Lesson Plan

Lesson Plan
Grade: Date: 17/01/2026
Subject: Computer Science
Lesson Topic: Show understanding of the characteristics of a number of programming paradigms: Declarative
Learning Objective/s:
  • Describe the key characteristics of declarative programming paradigms.
  • Compare declarative and imperative approaches using SQL and Prolog examples.
  • Evaluate when declarative paradigms are appropriate and identify their limitations.
  • Apply declarative thinking by constructing a simple SQL query and a Prolog rule.
Materials Needed:
  • Projector and screen
  • Whiteboard and markers
  • Handout with summary table and Venn diagram
  • Laptops with SQL client and Prolog interpreter installed
  • Sample database (students table) and Prolog facts sheet
  • Worksheet for practice queries
Introduction:
Begin with a quick poll asking students which languages they associate with writing “what” versus “how”. Review prior knowledge of imperative constructs before revealing that many modern tools hide the control flow. Explain that by the end of the lesson they will be able to identify declarative characteristics and craft basic declarative statements.
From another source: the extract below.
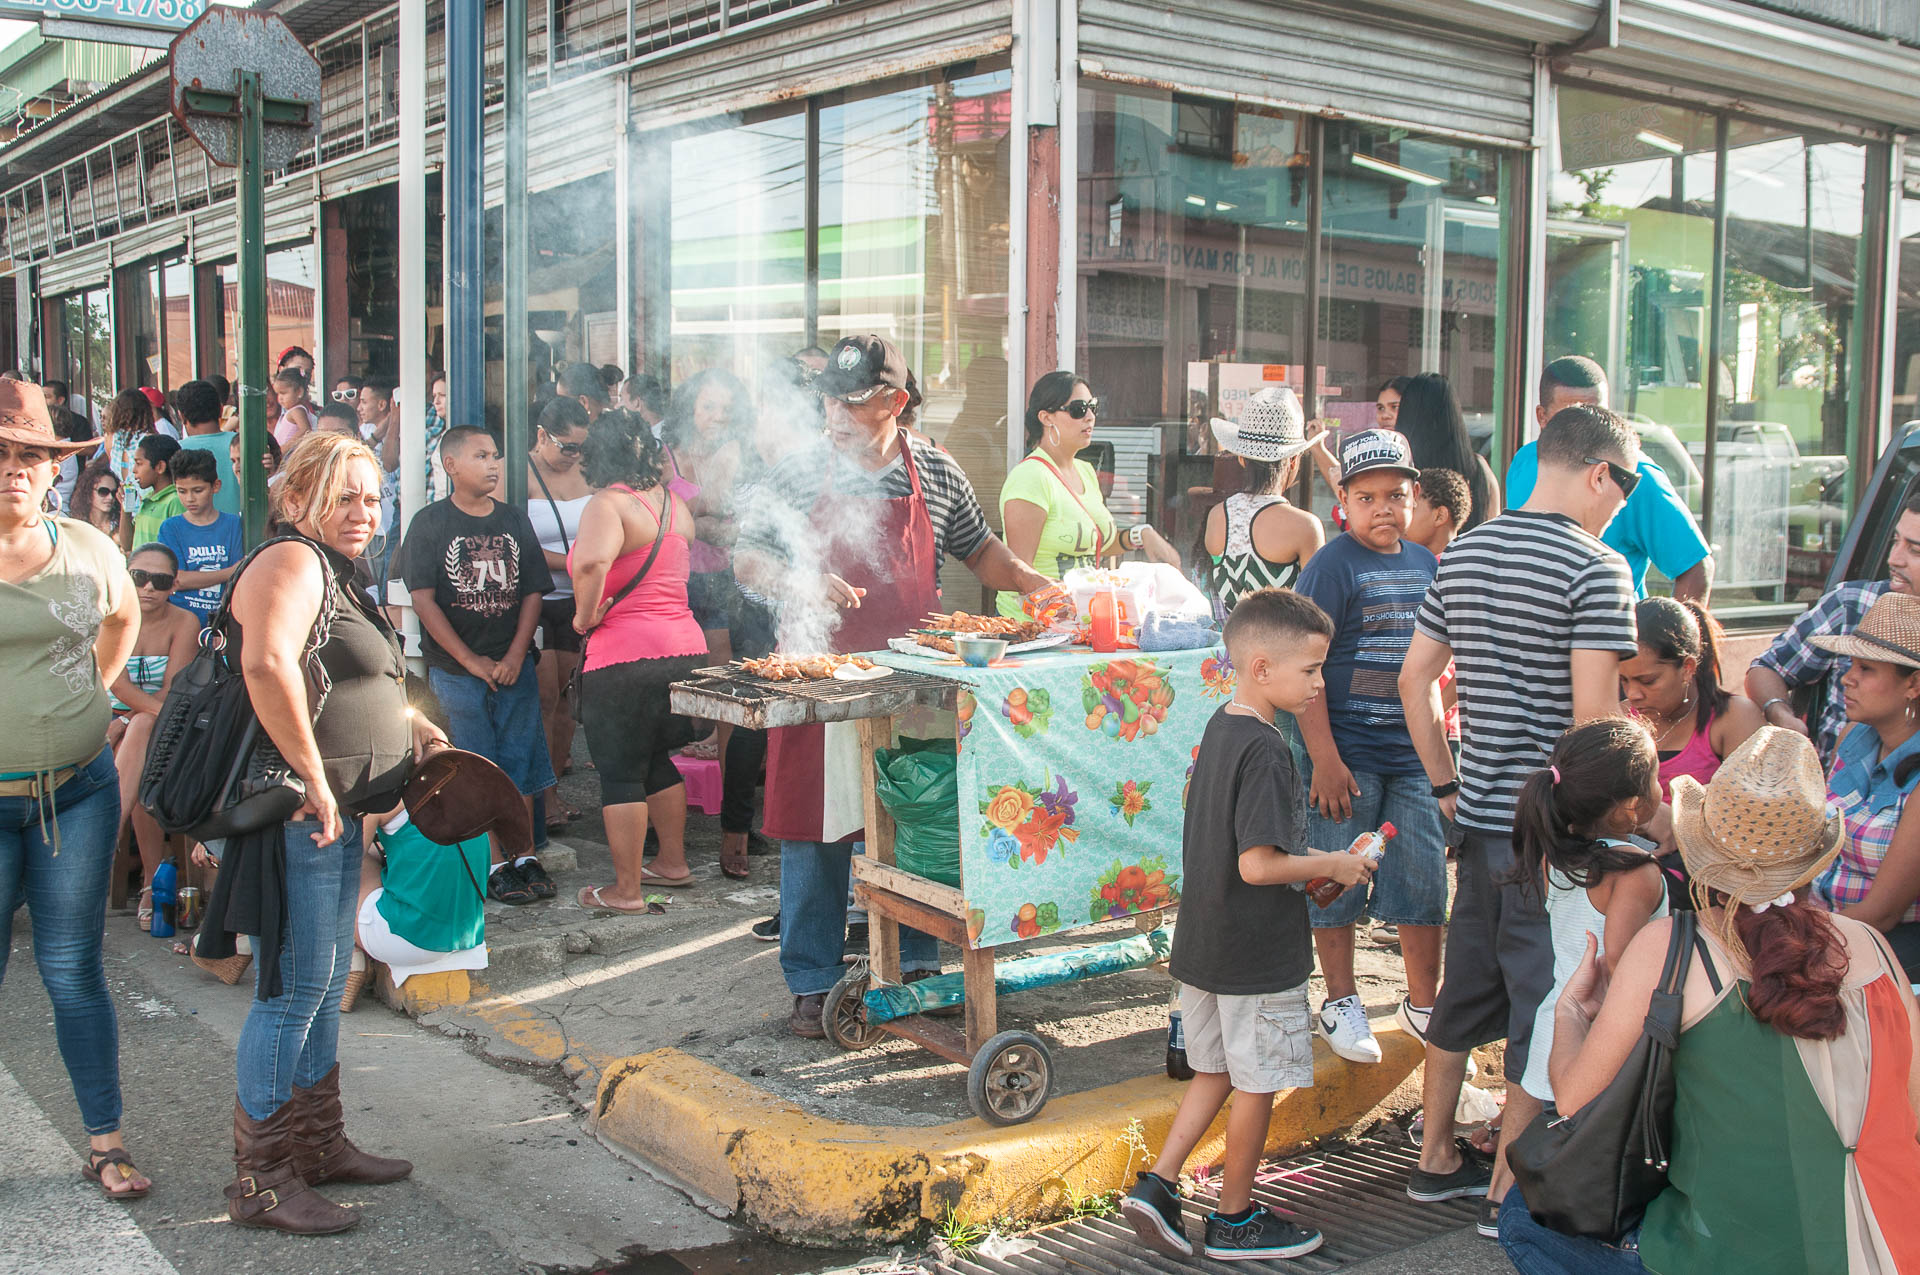 puerto limon barbecue - Les globe blogueurs - blog voyage nature

Success will be measured through a short exit ticket.
Lesson Structure:
  1. Do‑now (5’) – Students list programming languages they know and categorize them as declarative or imperative.
  2. Mini‑lecture (10’) – Define the declarative paradigm and highlight its key characteristics with slides.
  3. Comparison activity (8’) – In pairs, fill a Venn diagram comparing declarative vs imperative using the provided table.
  4. Demonstration (7’) – Show an SQL query and a Prolog rule, discussing how the runtime resolves them.
  5. Guided practice (12’) – Students write a simple SELECT query on the sample student table, then a Prolog rule for a family relationship.
  6. Think‑pair‑share (5’) – Discuss situations where a declarative approach is advantageous or problematic.
  7. Formative check (3’) – Quick Kahoot quiz with three questions on characteristics and limitations.
Conclusion:
Summarise that declarative programming emphasizes the “what” and lets the runtime handle the “how”, improving readability while potentially obscuring performance costs. Students complete an exit ticket identifying one advantage and one limitation of declarative paradigms. For homework, they will convert a given imperative algorithm into an equivalent SQL query or Prolog rule.